Data protection is a big problem for autonomous driving in Germany

The new autonomous driving law approved in Germany has a very important obstacle to deal with and regulate, that of the protection of the data of the owners, the sacred plot for justice. A survey highlights the importance of drivers in the processing and transfer of personal data, and not only to the administration.

When we buy a new car, we provide all our data to the brands through the connectivity services of the information and entertainment platforms. The new generation of cars already has advanced artificial intelligence technology, allowing the car to learn about our tastes and preferences.

The synchronization of data between the mobile phone and the car allows this data exchange, and to know everything about us.

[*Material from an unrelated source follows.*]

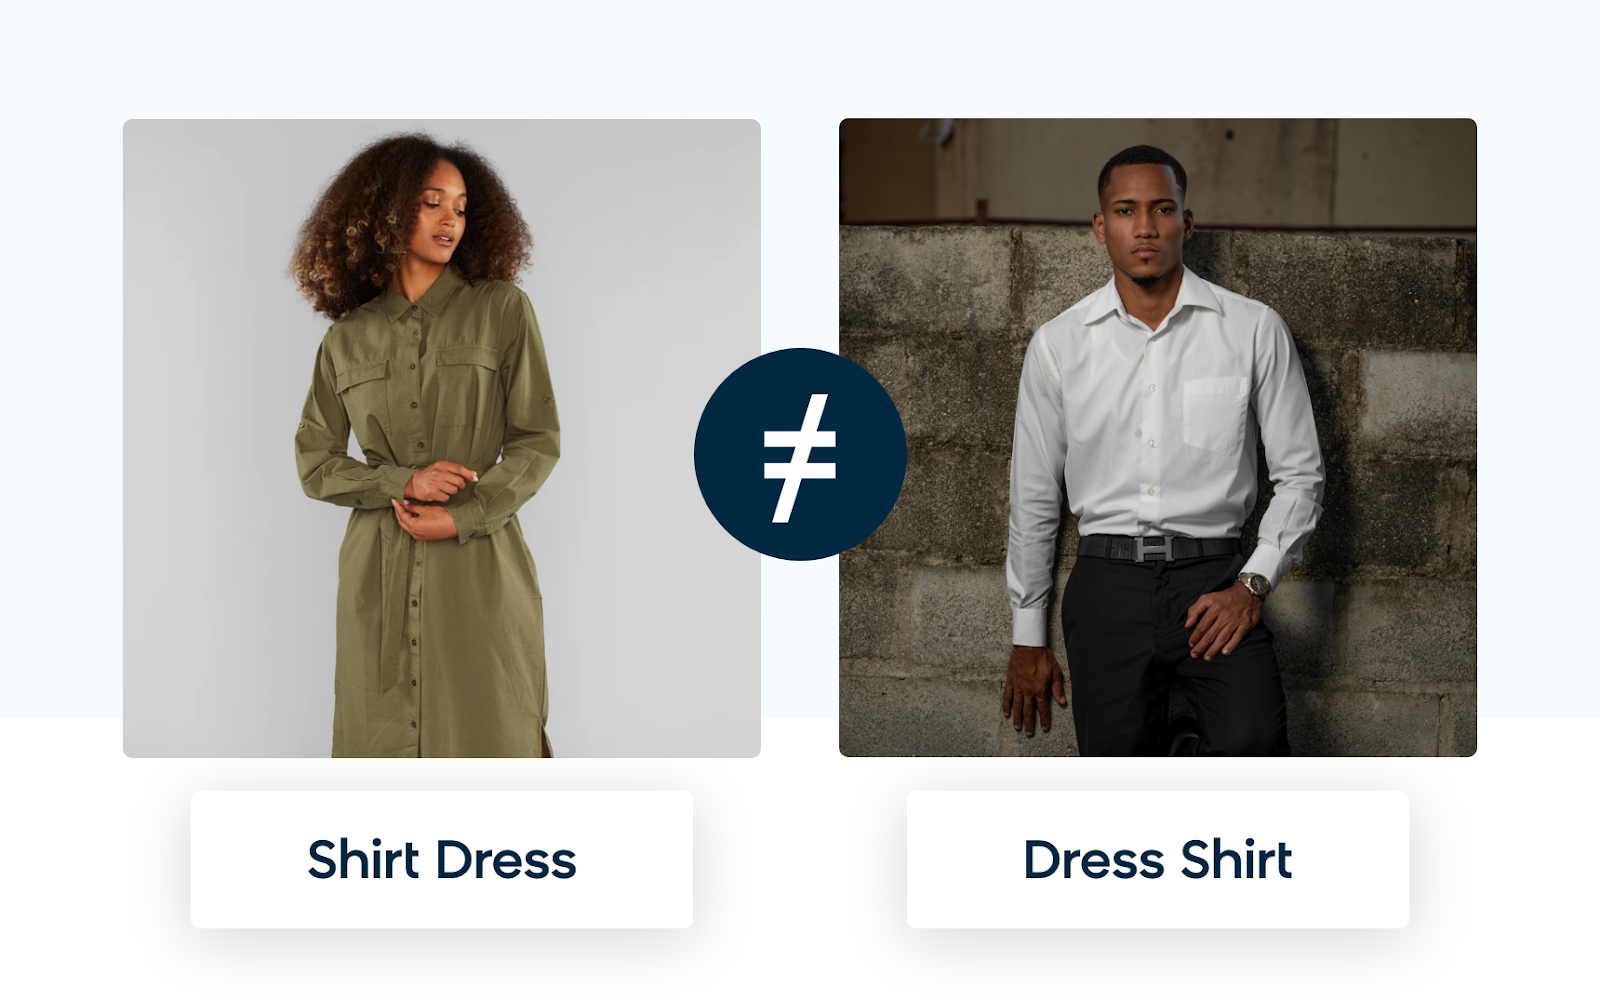 Semantic Understanding Showing Difference Between Shirt Dress and Dress Shirt

We do it voluntarily. This is the big data protection issue that is now being presented to the German Government to finalize the autonomous driving law that it intends to pass in early summer. A study by the consulting firm Dekra has revealed that 88% of the 1007 German drivers questioned prefer to keep control of their personal data, although 46% understand that it is incongruous to provide the data to some yes and not others.

Photo Nissan Qashqai 2021 - interiorConnectivity platforms offer suggestions of our lifestyles by releasing our data

It is not the same to provide personal data to a service provider than to the administration

Even nothing less than 72% do not want any company, or the administration itself, to know their data or their preferences personal, and 36% are particularly concerned about being spied on their data. The big problem facing German legislators is that people are the owners of our information and, indeed, we decide the treatment of our data, we provide them to whoever we want and always being aware of the consequences that can be generated.

The question is precisely this. Why yes to car brands, among other companies, and not to the administration? The current data protection law assumes that the owner cannot be forced to provide their information. However, some German scholars understand that the transmission of data to the government can be forced if it is for the pursuit of a common good as is autonomous driving. The German government has no choice but to find a formula that does not oblige. or consider “hijacking” data from drivers, because they will continue to retain ownership.

Of course, the door of the brands is closed, they will not collaborate in any way, your customer data is sacred and invaluable as it is priceless. The only thing missing was for a brand to face a lawsuit for transferring its data without authorization.